OmniNeuro: A Multimodal HCI Framework for Explainable BCI Feedback via Generative AI and Sonification
Ayda Aghaei Nia
TL;DR
OmniNeuro tackles the clinical bottleneck of opaque brain-computer interfaces by replacing a silent decoder with a transparent, multimodal feedback system. It introduces a decoder-agnostic, white-box architecture built on three interpretability engines—Physics (energy), Chaos (complexity), and Quantum-inspired uncertainty—driving real-time Neuro-Sonification and AI-generated clinical reports.
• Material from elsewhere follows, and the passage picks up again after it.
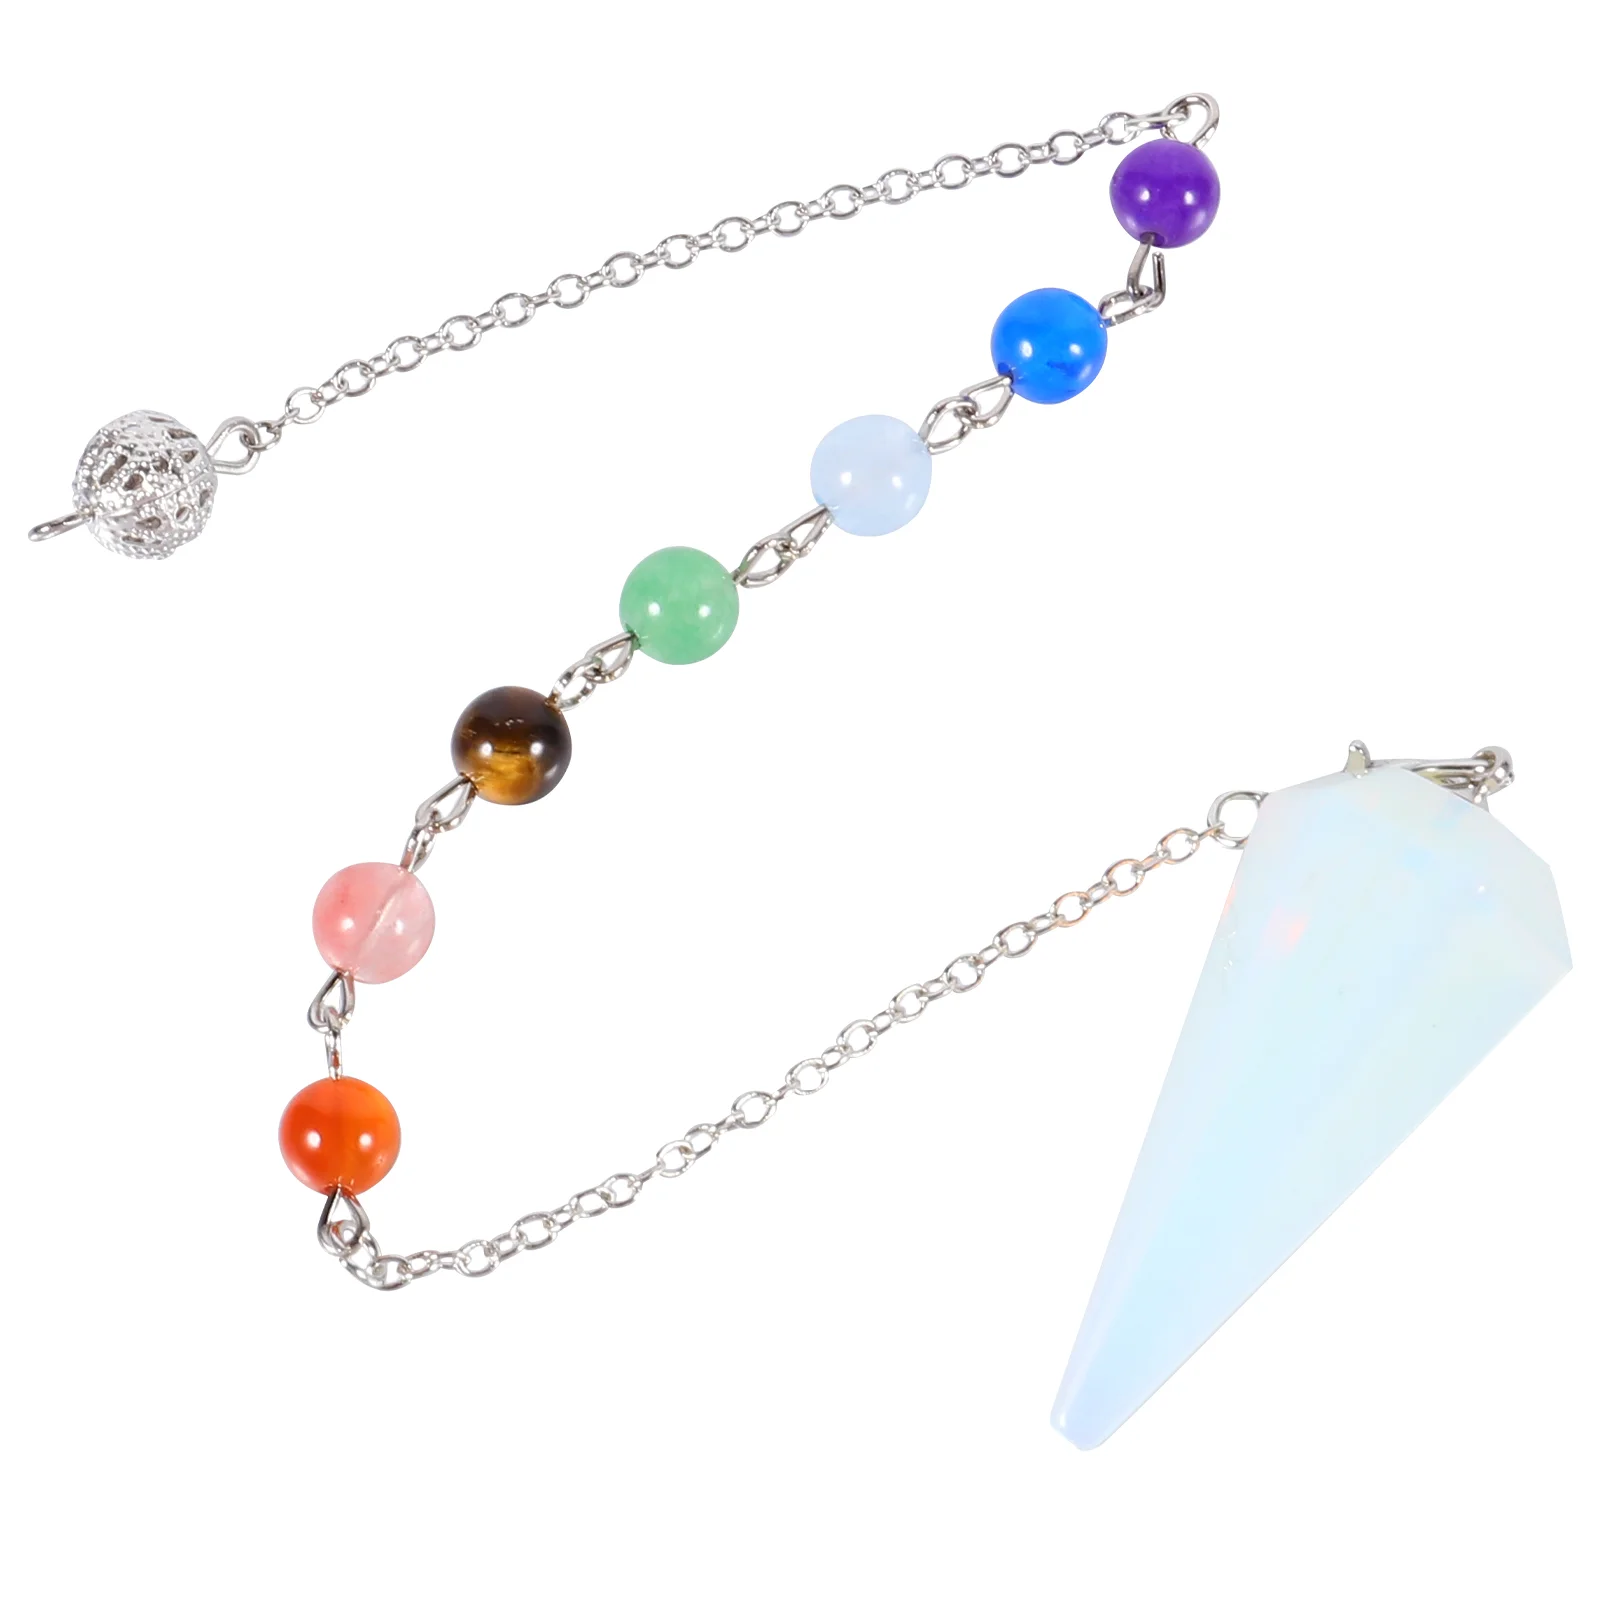 

Hexagonal Cone Pendant Bead Necklace Delicate Crystal Pendulum DIY Jewelry Taper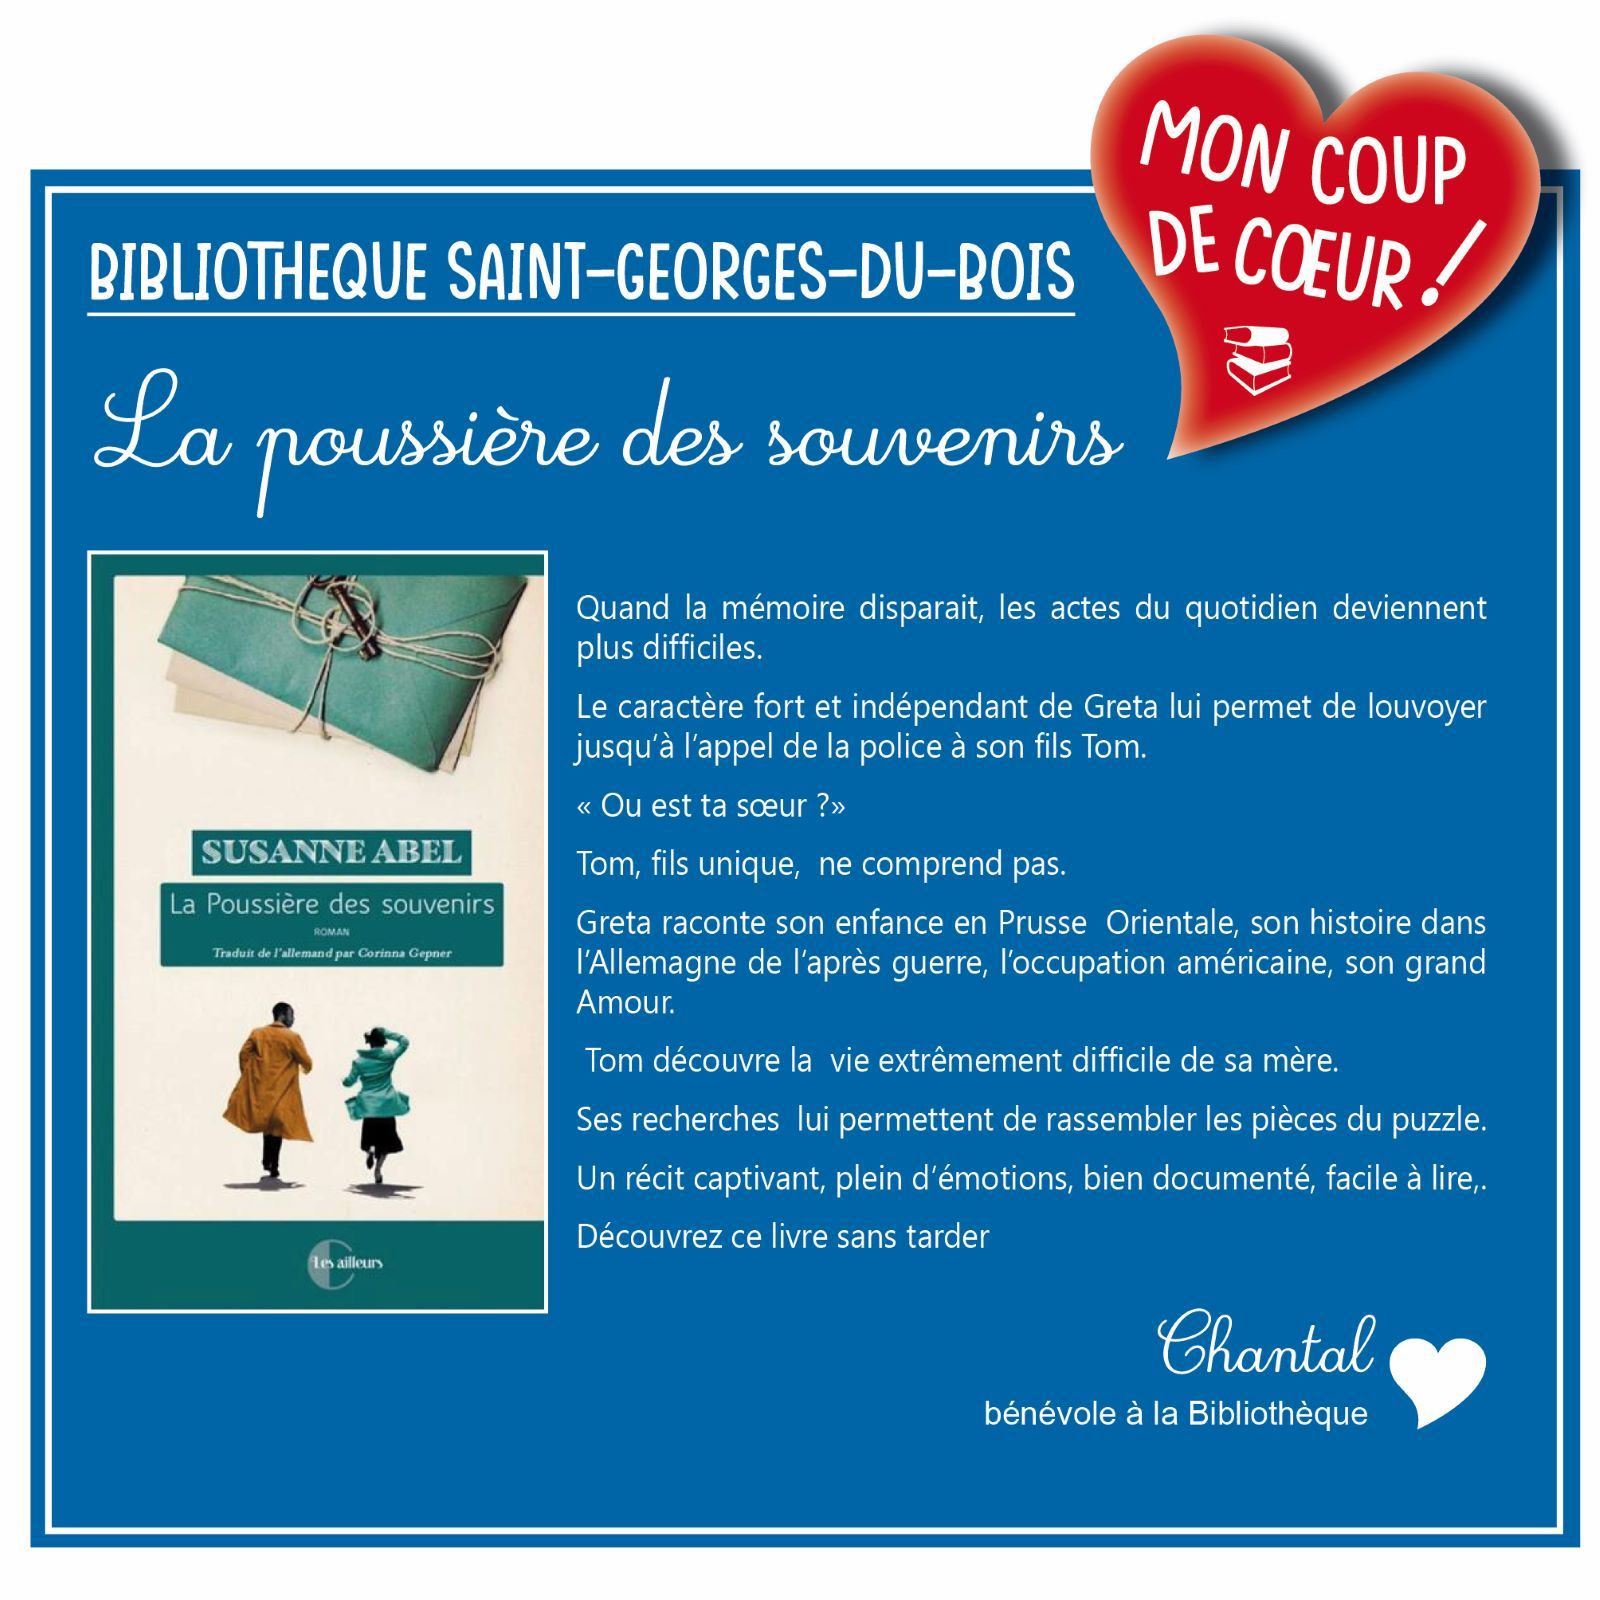 202403 CoupDeCoeur Chantal

Although decoding accuracy remains comparable to baselines, the feedback-centric design enhances learning stability and user satisfaction, as shown by quantitative improvements and a qualitative pilot with three participants. The framework supports closed-loop neurofeedback, potentially improving neuroplasticity in rehabilitation and offering a practical bridge for clinical adoption through interpretable, actionable feedback rather than raw performance alone.
Abstract
While Deep Learning has improved Brain-Computer Interface (BCI) decoding accuracy, clinical adoption is hindered by the "Black Box" nature of these algorithms, leading to user frustration and poor neuroplasticity outcomes. We propose OmniNeuro, a novel HCI framework that transforms the BCI from a silent decoder into a transparent feedback partner. OmniNeuro integrates three interpretability engines: (1) Physics (Energy), (2) Chaos (Fractal Complexity), and (3) Quantum-Inspired uncertainty modeling. These metrics drive real-time Neuro-Sonification and Generative AI Clinical Reports. Evaluated on the PhysioNet dataset ($N=109$), the system achieved a mean accuracy of 58.52%, with qualitative pilot studies ($N=3$) confirming that explainable feedback helps users regulate mental effort and reduces the "trial-and-error" phase. OmniNeuro is decoder-agnostic, acting as an essential interpretability layer for any state-of-the-art architecture.